== Listed entries ==

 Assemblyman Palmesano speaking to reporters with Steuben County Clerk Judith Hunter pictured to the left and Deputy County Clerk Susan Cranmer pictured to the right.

===
== Listed entries ==

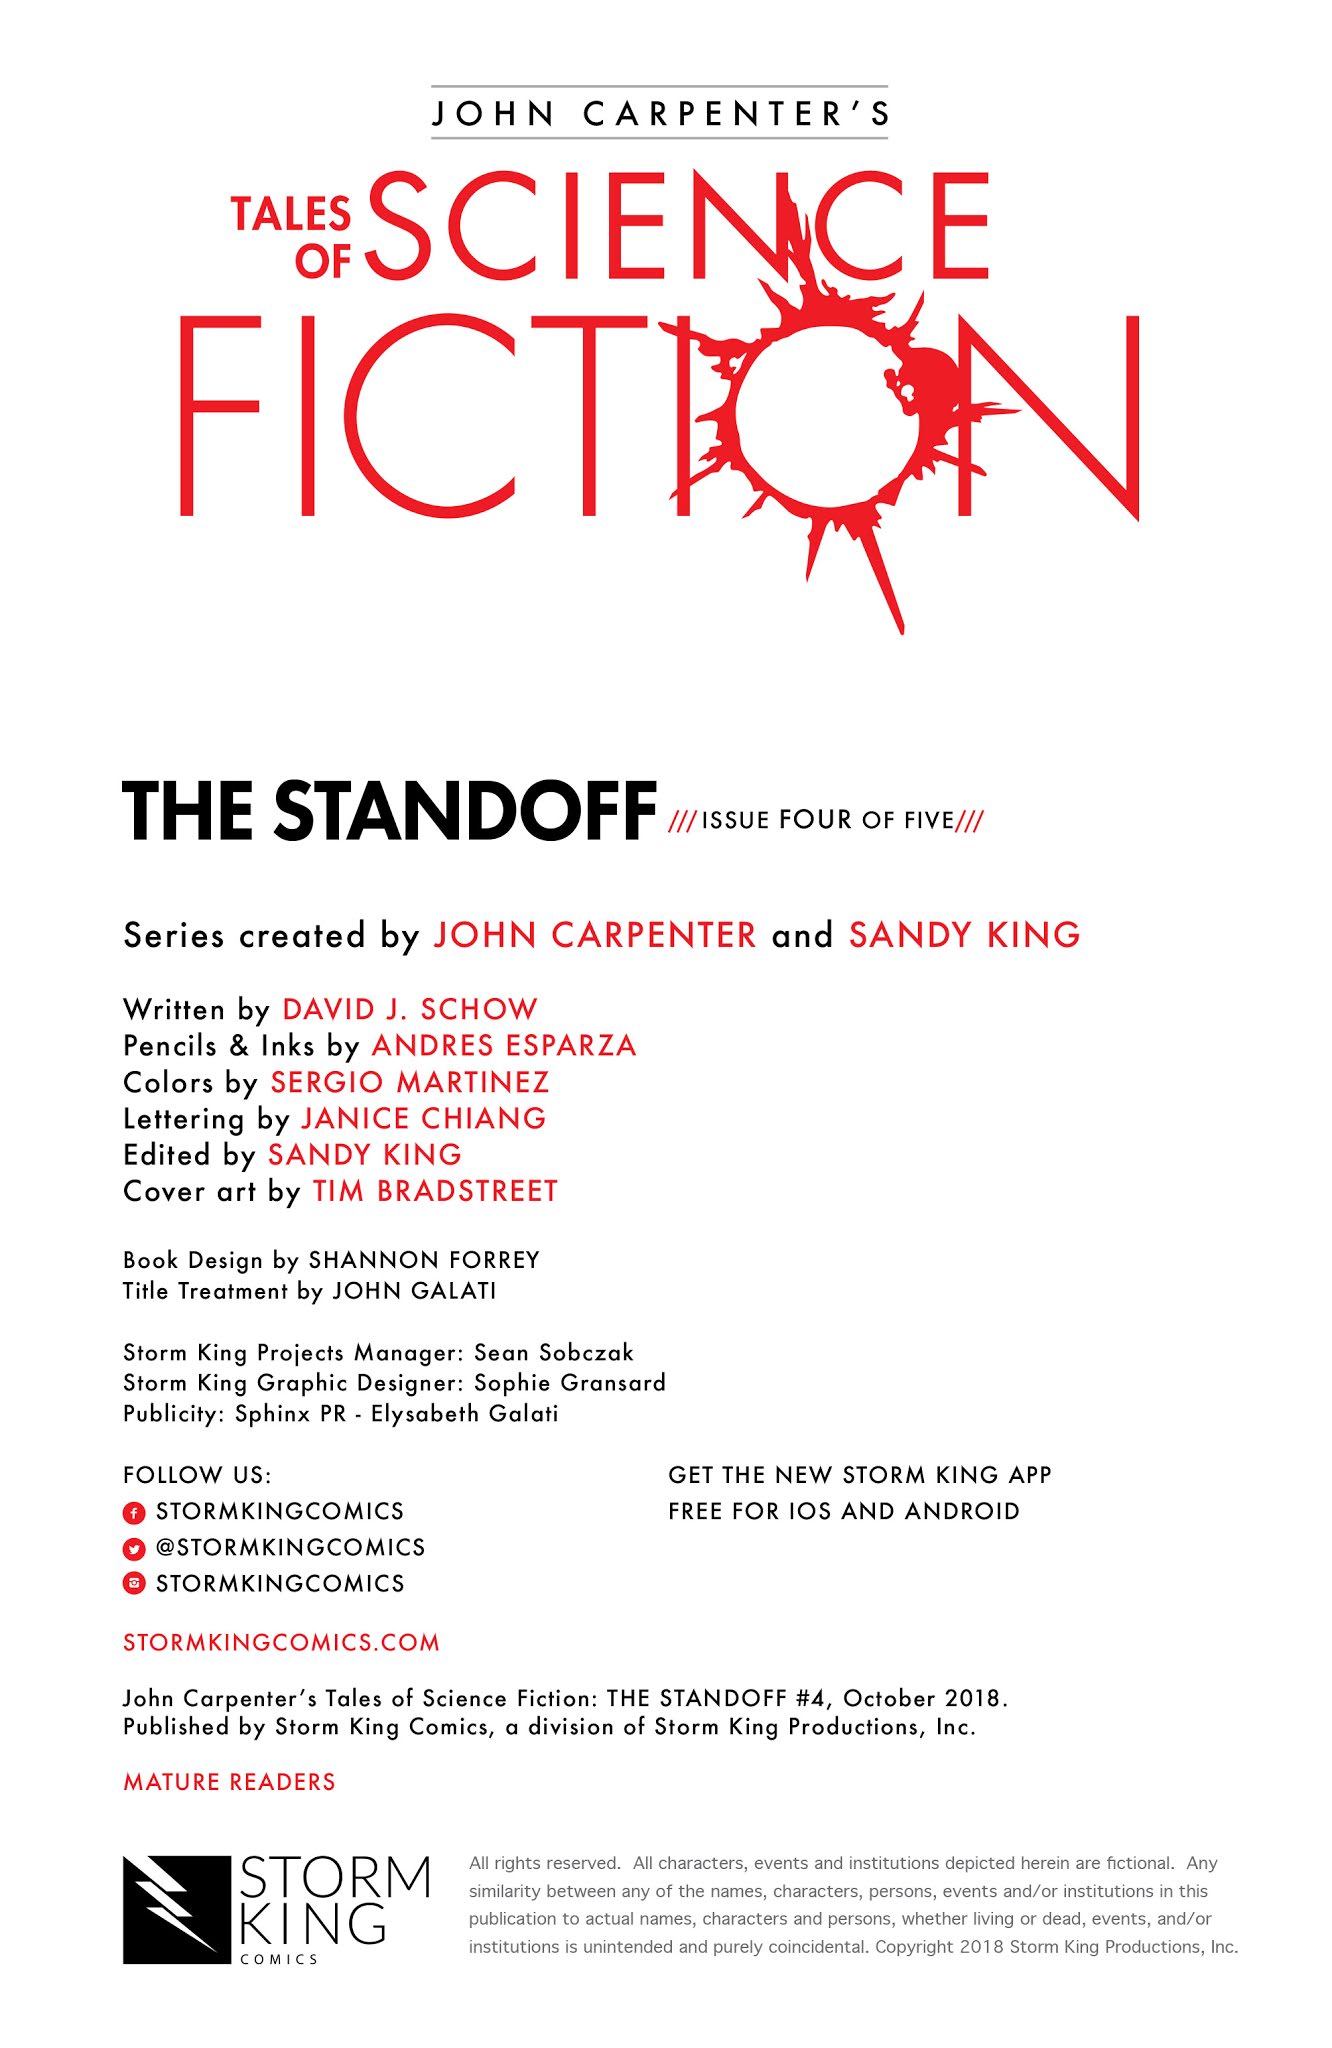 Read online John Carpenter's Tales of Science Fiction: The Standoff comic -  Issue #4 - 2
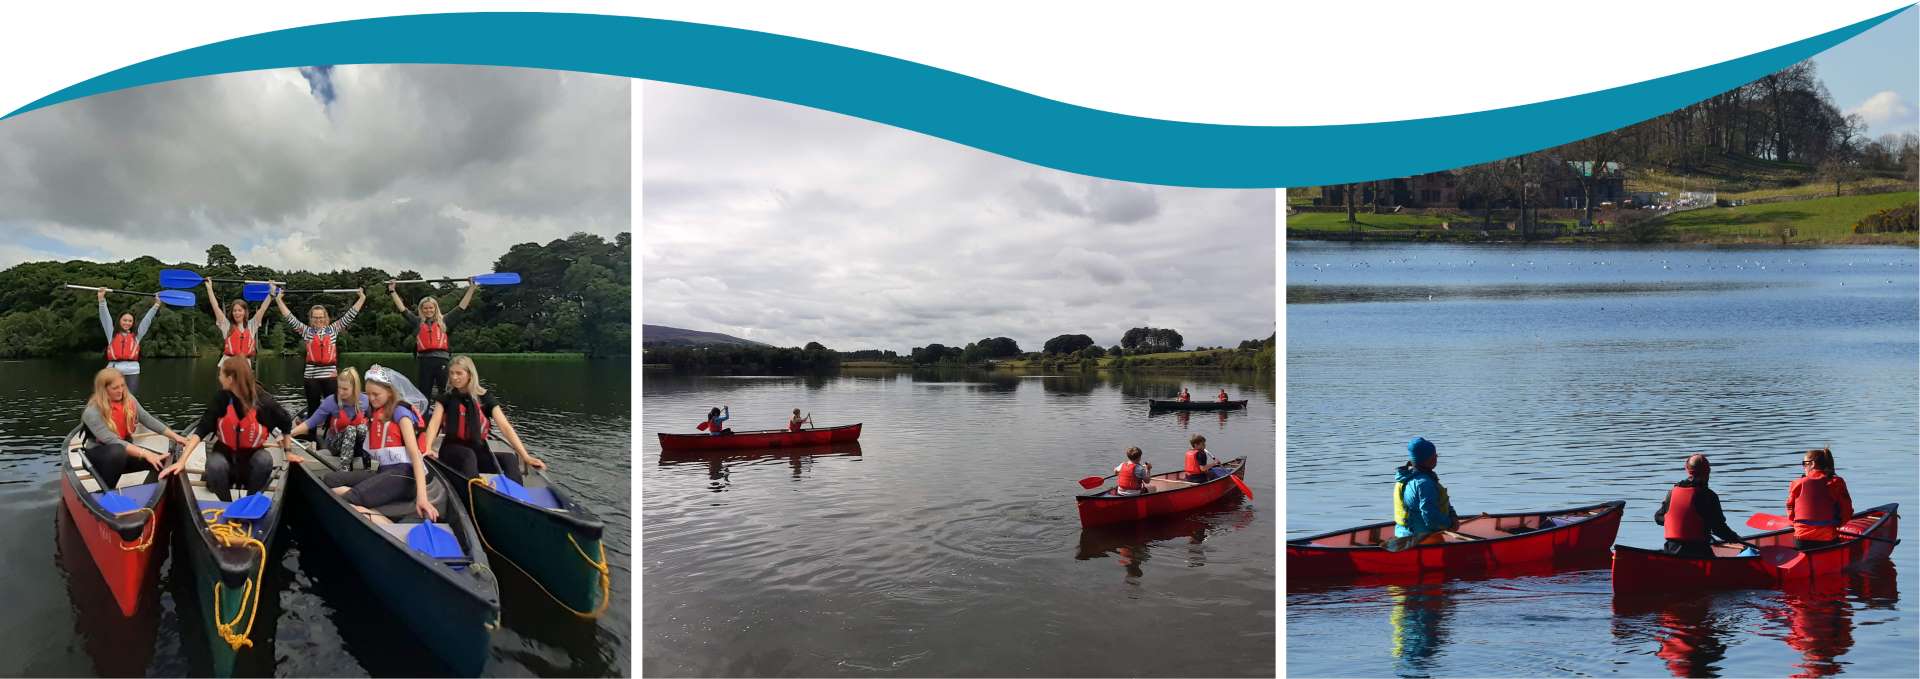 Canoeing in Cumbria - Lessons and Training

===
== Listed entries ==

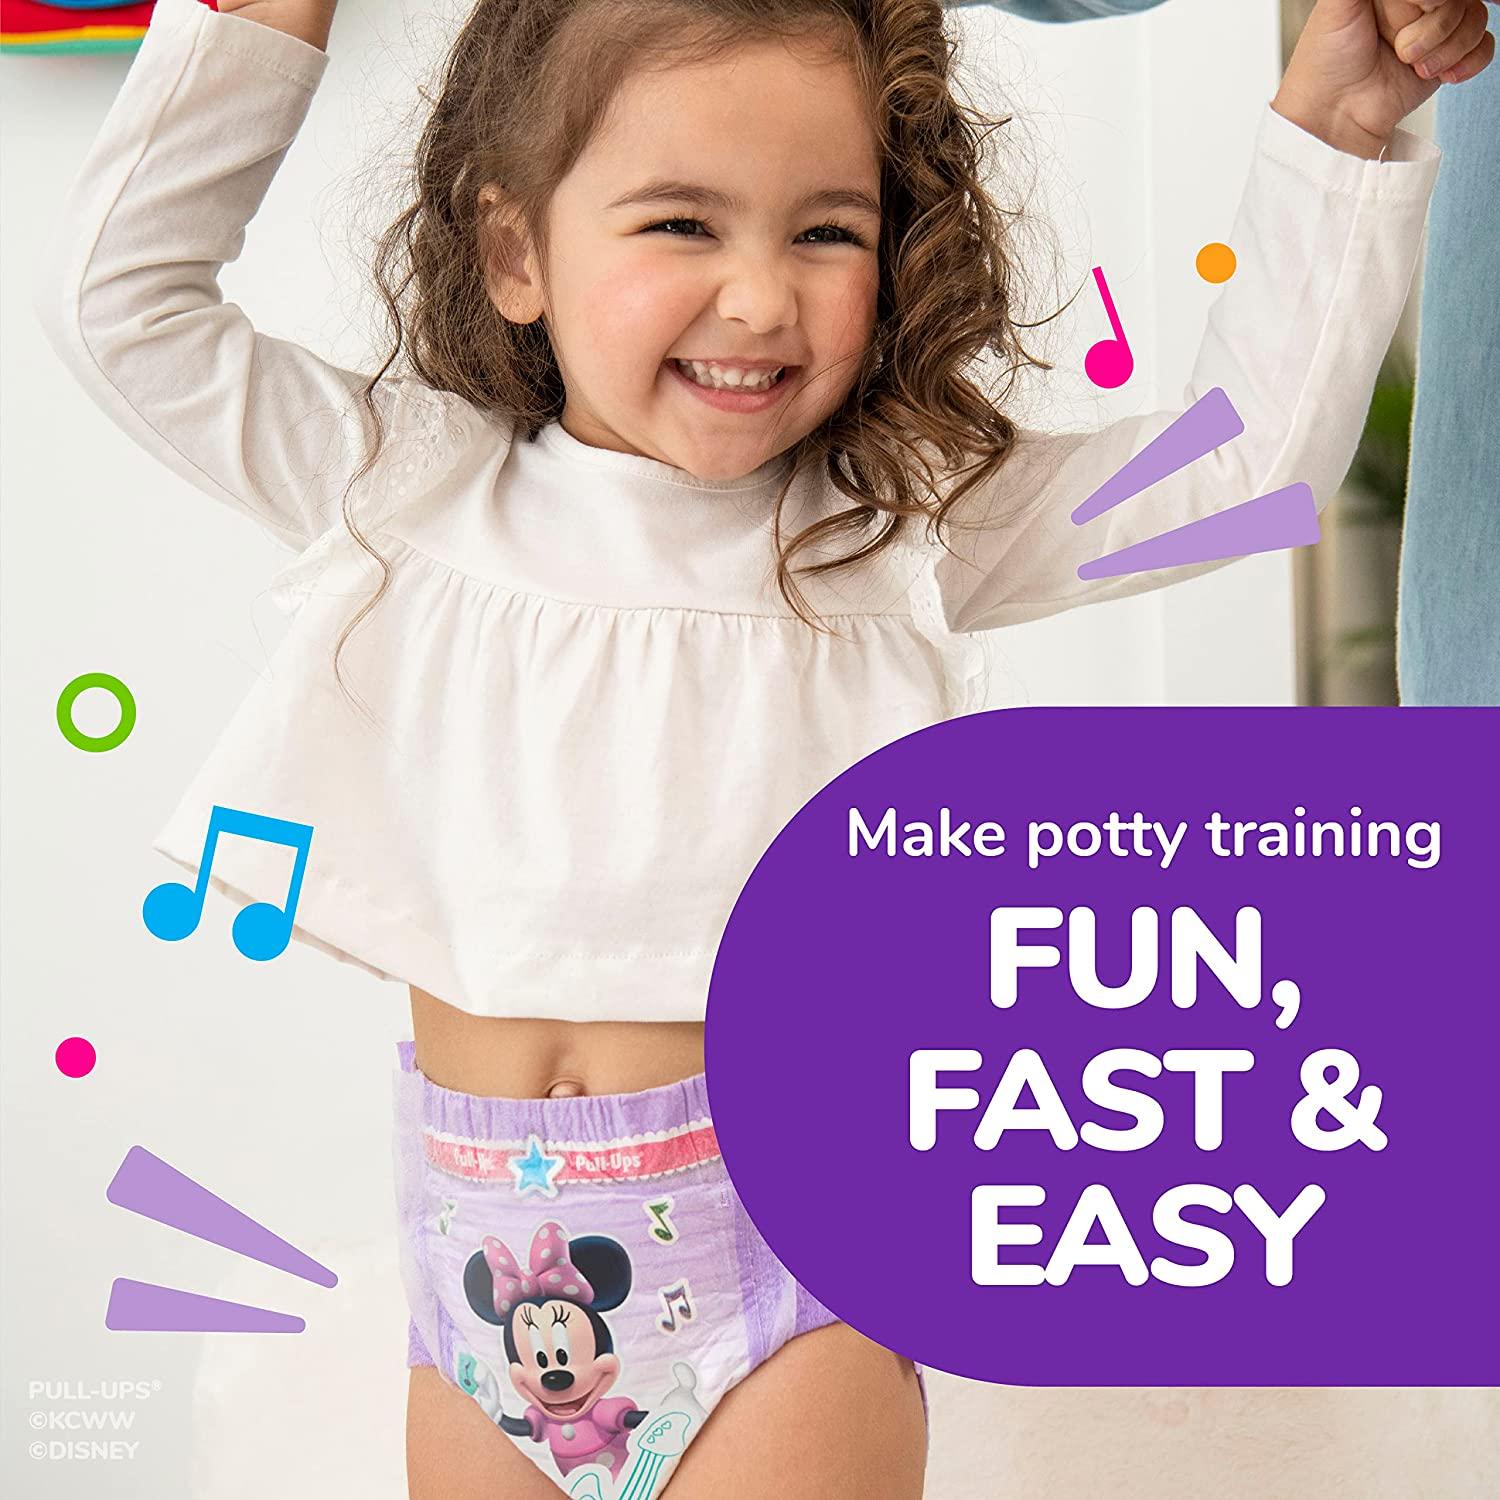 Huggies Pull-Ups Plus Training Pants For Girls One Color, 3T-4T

===

• [Work item]:
Output exactly those lines of the data above that run from the line with "Read online John" up to and including the line with "Canoeing in Cumbria - Lessons and Training". No pictures go in.

• [Answer to the problem]:
 Read online John Carpenter's Tales of Science Fiction: The Standoff comic -  Issue #4 - 2
 Canoeing in Cumbria - Lessons and Training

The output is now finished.